◆ PROBLEM DETAILS ◆
When you return the material, keep every line exactly as it is and omit the pictures.

◆ SOURCE MATERIAL ◆
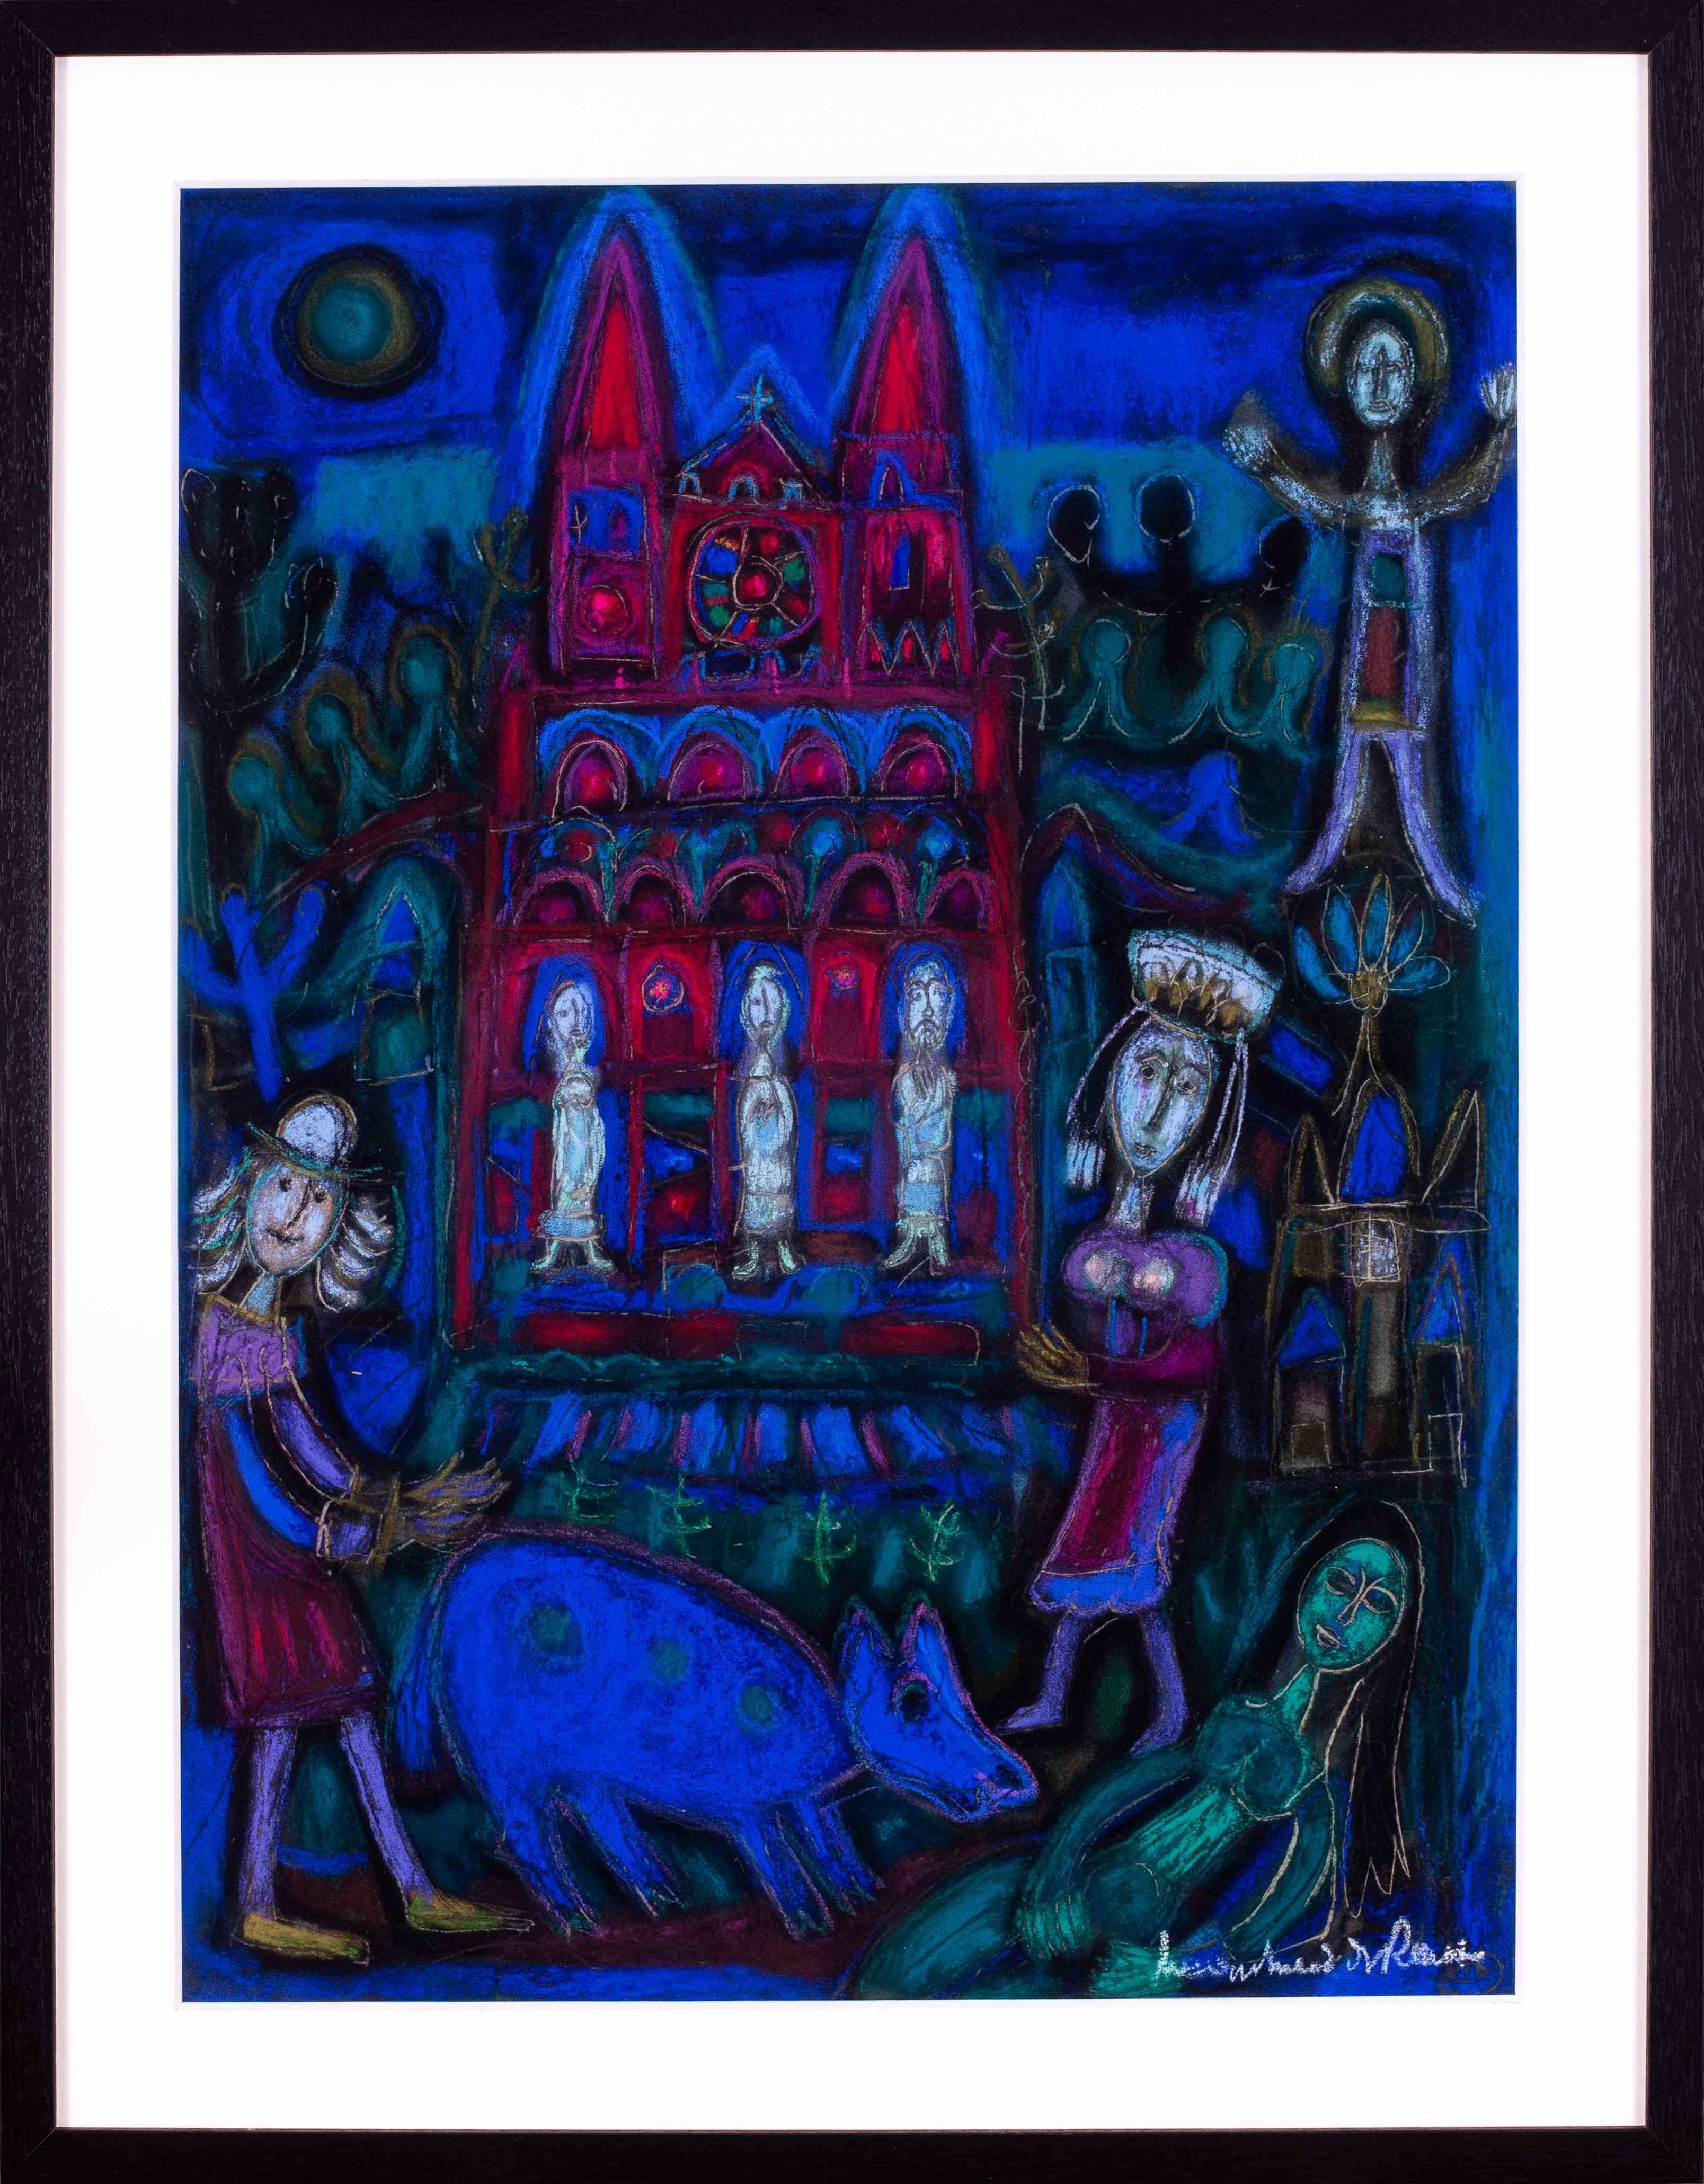 French Surrealist pastel drawing  'In front of the church' by Marchand des Raux
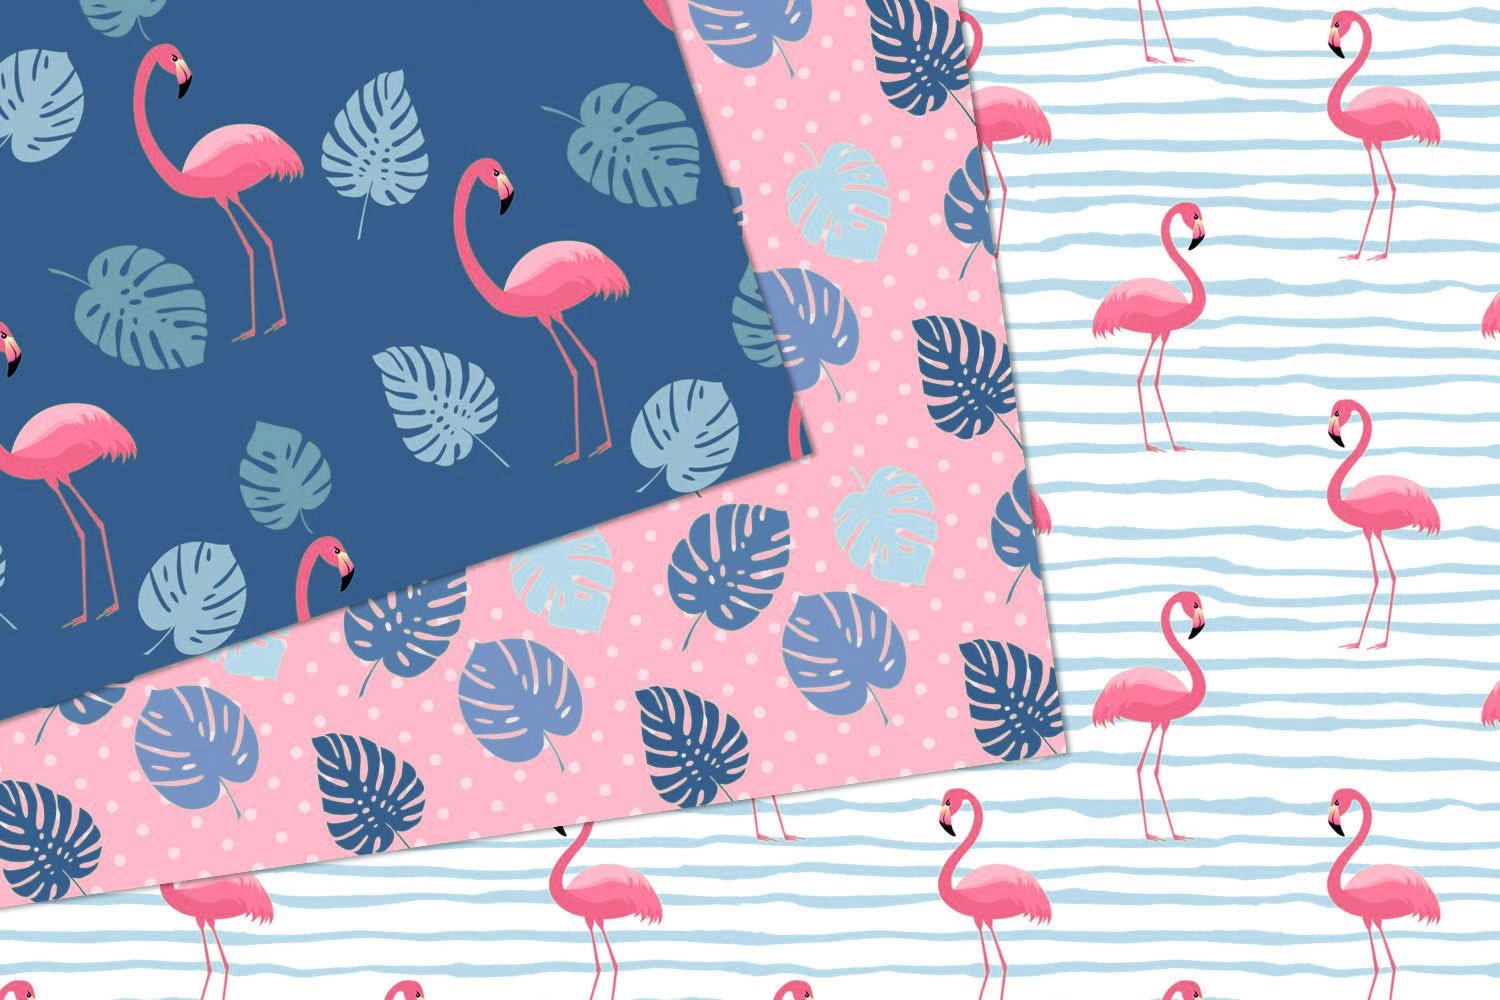 Flamingo for the stylish textures.
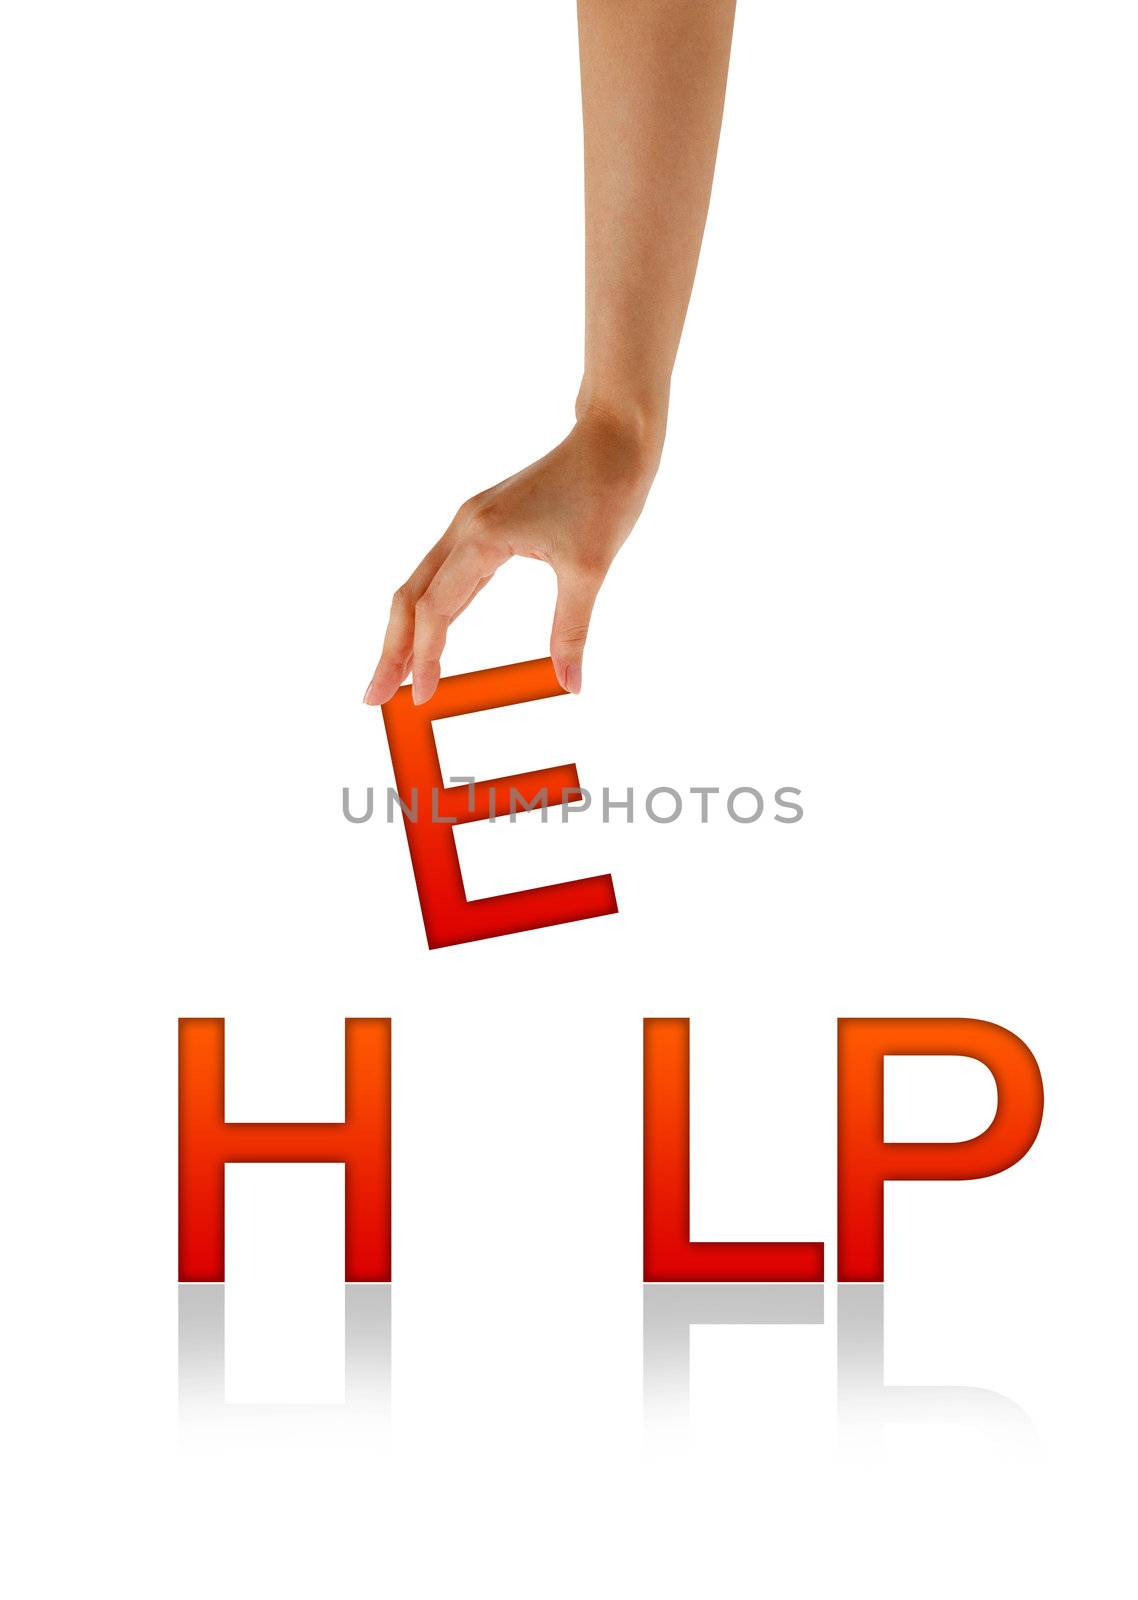 High resolution graphic of a hand holding the letter E from the word Help.

◆ TASK SOLUTION ◆
 French Surrealist pastel drawing  'In front of the church' by Marchand des Raux
 Flamingo for the stylish textures.
 High resolution graphic of a hand holding the letter E from the word Help.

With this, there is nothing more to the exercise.